Companies would have to analyze climate-related costs and risks for each line item of their financial statements, such as revenue, inventories or intangible assets. Any climate costs that are 1% or more of each line item total would have to be reported.
Under current rules, companies are generally required to disclose only those climate costs and risks they judge to be material, or significant, for investors. SEC officials are concerned that too few companies are reporting such important climate costs and risks.
As SEC chairman Gensler also had many contentious disputes with the crypto industry, which led to the regulatory agency suing several large digital asset companies and exchanges over how they handled and sold cryptocurrency.
Gensler investigated Elon Musks’s Telsa for potential fraud surrounding his $44 billion acquisition of Twitter, which he rebranded X.
In January 2024, Rep. Byron Donalds (R-FL) said that Gensler’s investigation of free speech platform Rumble may have been interfering the site’s role in the 2024 presidential election.

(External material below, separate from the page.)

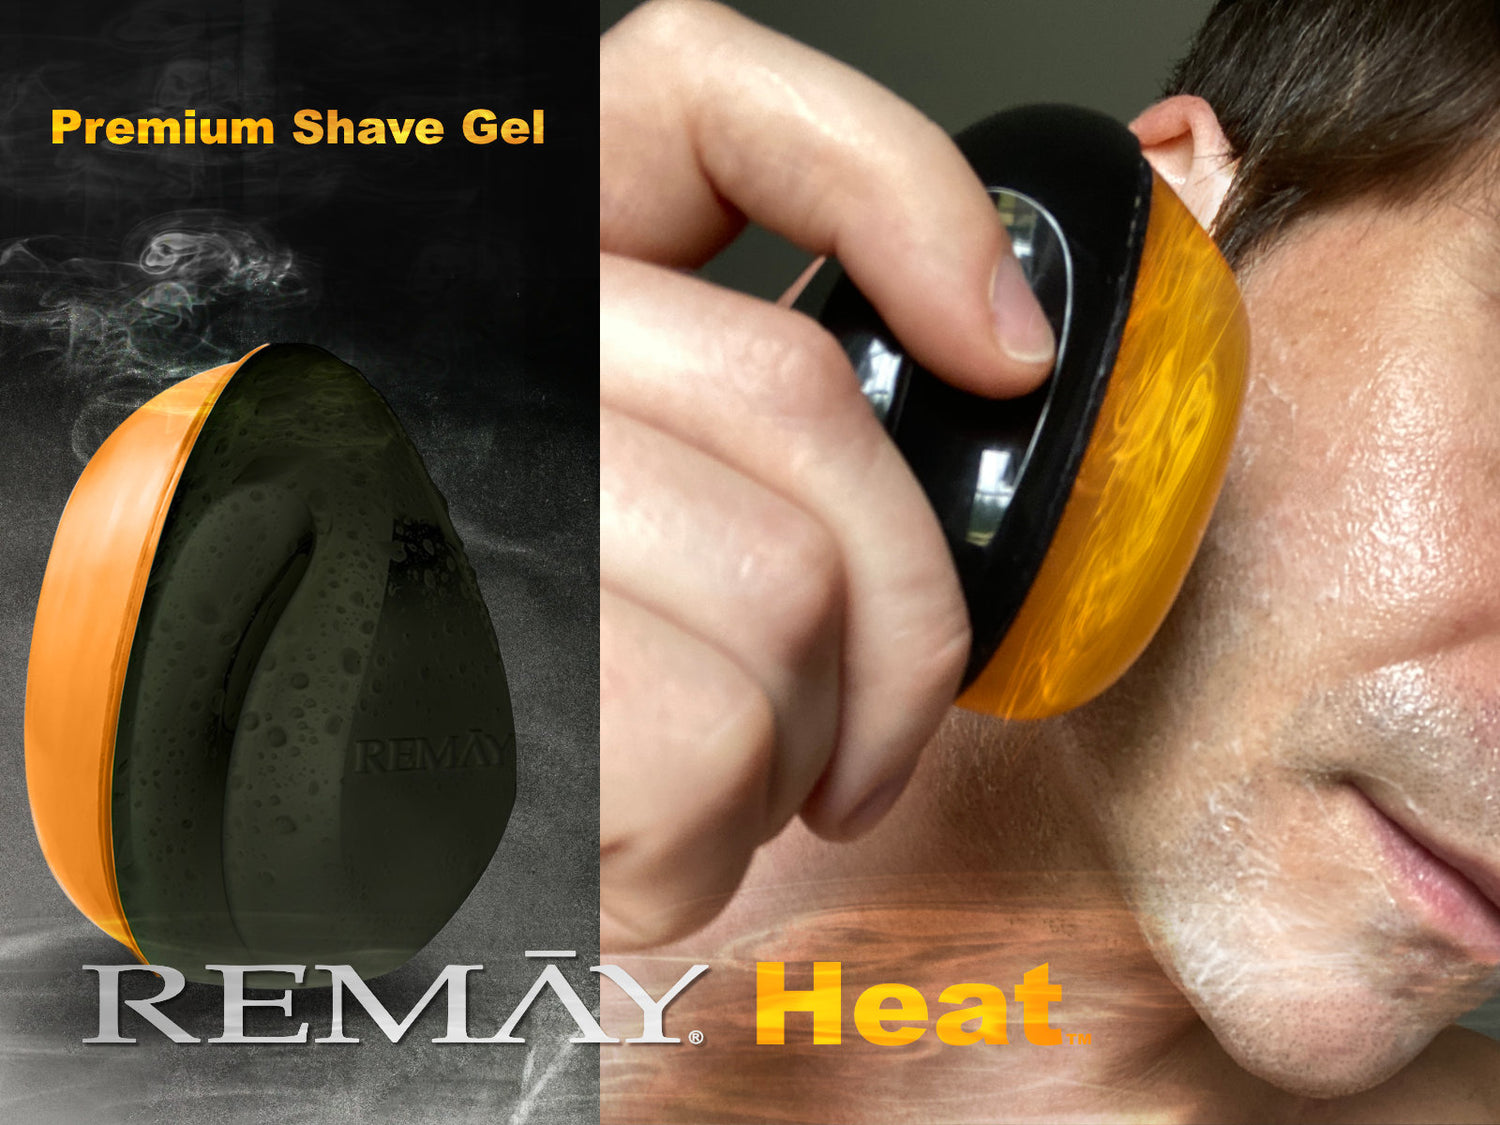 A Hot Gel Shave Like Never Before
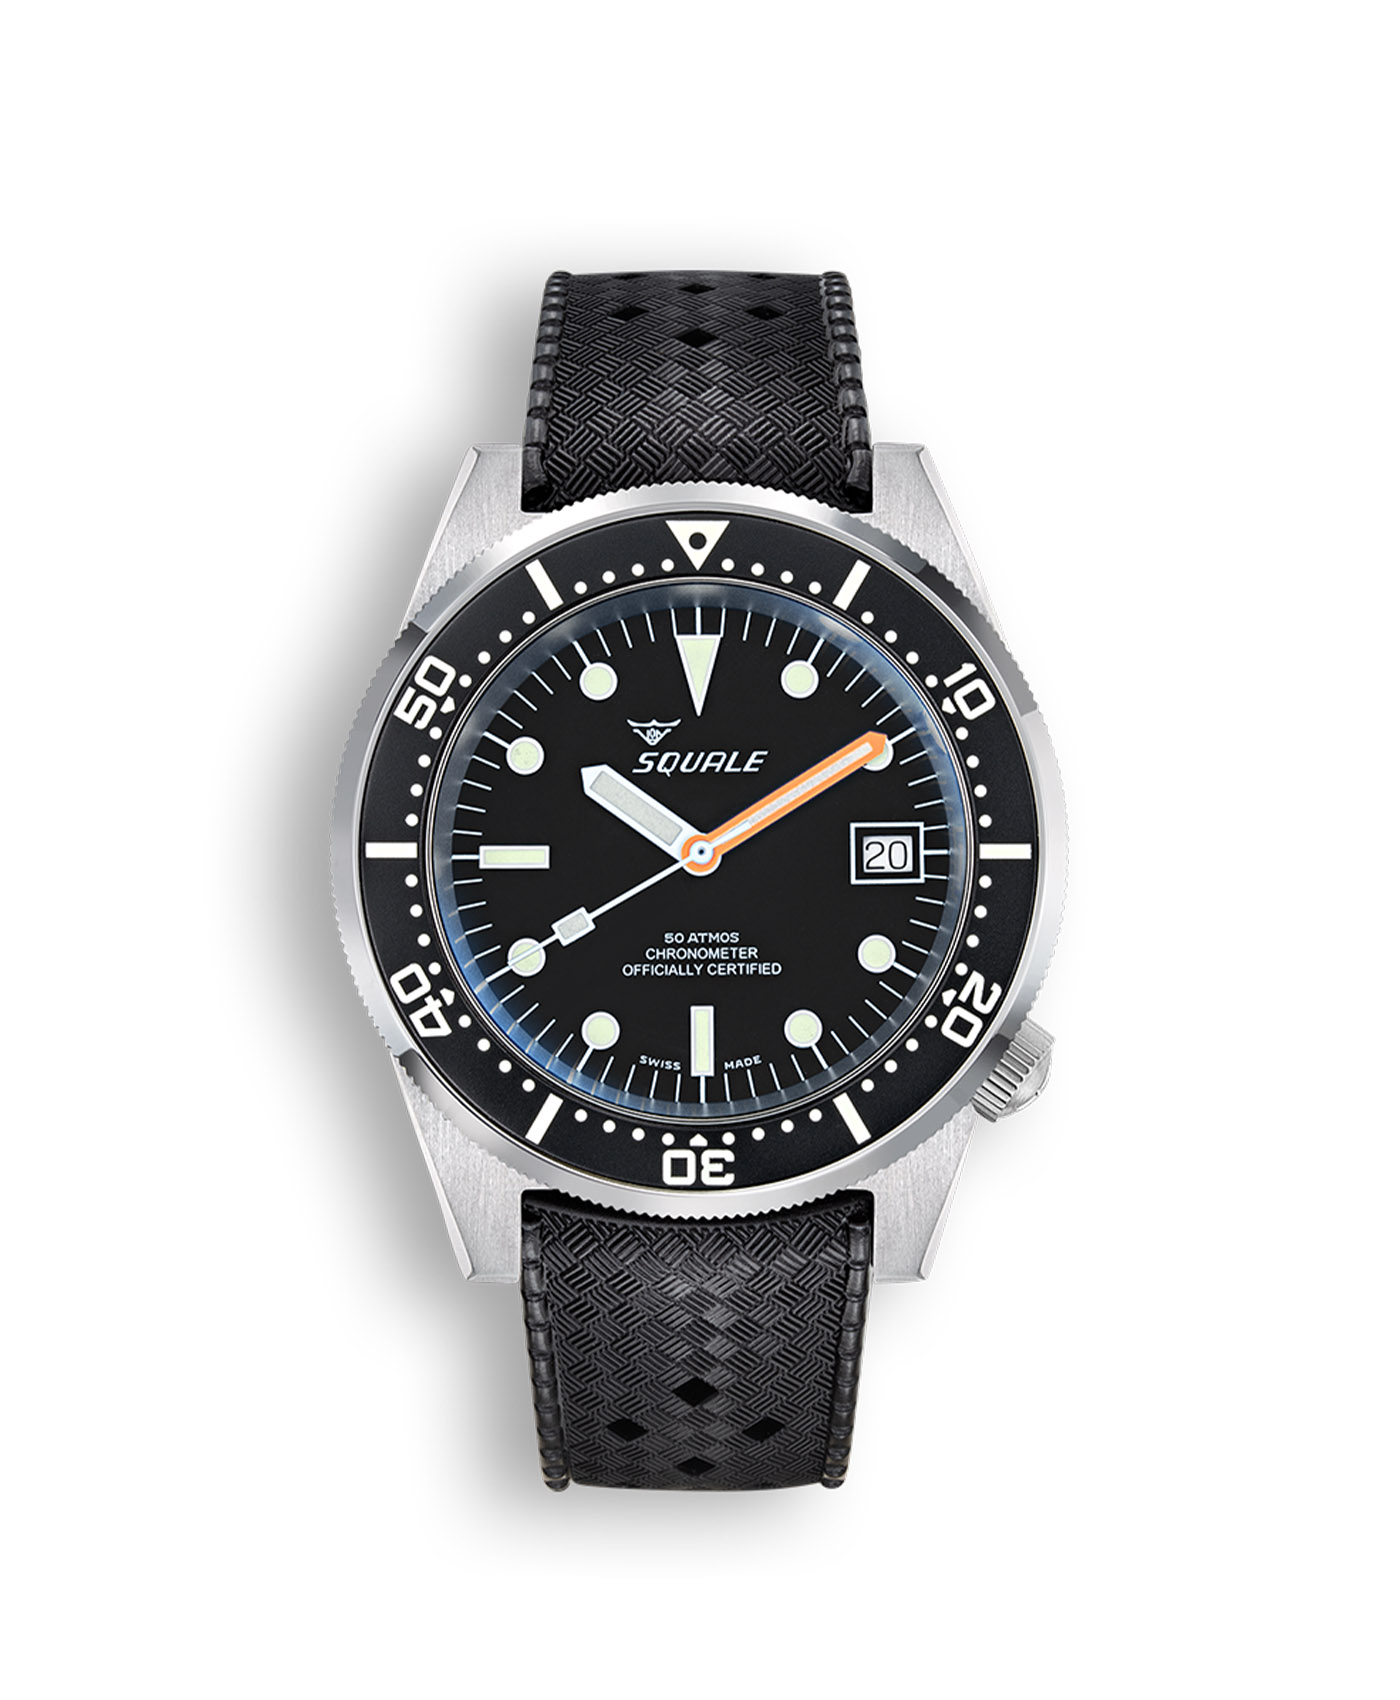 Squale - 1521 Classic COSC - 1521COSCL

Trump can now choose a new chairman for the SEC. Two other commissioners’ terms will expire during Trump’s time in office as well. It is expected that he would nominate commissioners friendlier to the cryptocurrency industry and other financial technology industries.
American-based digital exchange Coinbase described the fight against Gensler and the SEC as “existential.”
In an interview with Breitbart News, Rep. French Hill (R-AR), who is running to be chairman of the House Financial Services Committee, said he would seek to end the targeting and “debanking” of cryptocurrency companies happening under the Biden-Harris administration.
“I want to increase competition, make community banking great again, and end the regulatory administrative state’s dominance of the regulatory system,” Hill remarked.
House Majority Whip Tom Emmer (R-MN) wrote, “Good riddance,” referring to Gensler’s resignation.